Heretofore, it has been considered necessary to give the gears a peculiar shape and/or tooth or thread profile in order to achieve sufficient as well as proper tooth engagement to transmit substantial power with minimum wear. Thus, crown or bevel gears have been proposed. The pinion or worm, in turn, has been formed with varying degrees of taper. Also, the tooth profiles have been given a variety of shapes calculated to transmit substantial power and to satisfy other requirements.

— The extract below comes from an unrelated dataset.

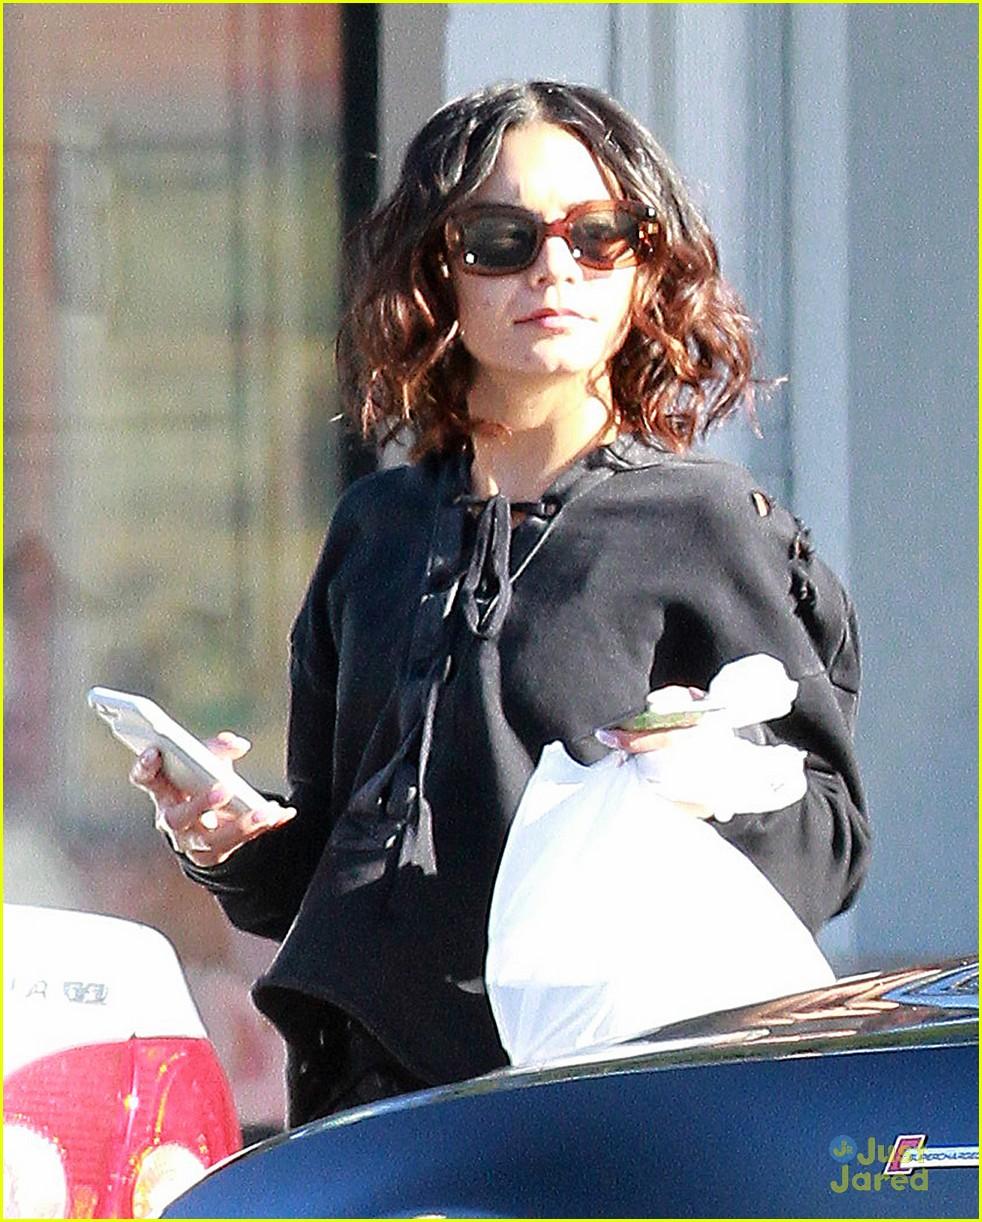 Vanessa Hudgens Books New Movie Role in 'The Pre-Nup ... Vanessa Hudgens Movies

All of these proposals have led to skew axis gear designs which are difficult and expensive to manufacture.
It is accordingly a general object of my invention to provide improved skew axis gearing of simplified design.
An additional object is to provide skew axis gearing of the above character which is inexpensive to manufacture using conventional techniques and equipment.
A further object is to provide skew axis gearing of the above character which is capable of transmitting substantial power over a long operating life and is conducive to large reduction ratios.
Another object is to provide skew axis gearing of the above character which is compact in size and thus capable of meeting stringent space limitations.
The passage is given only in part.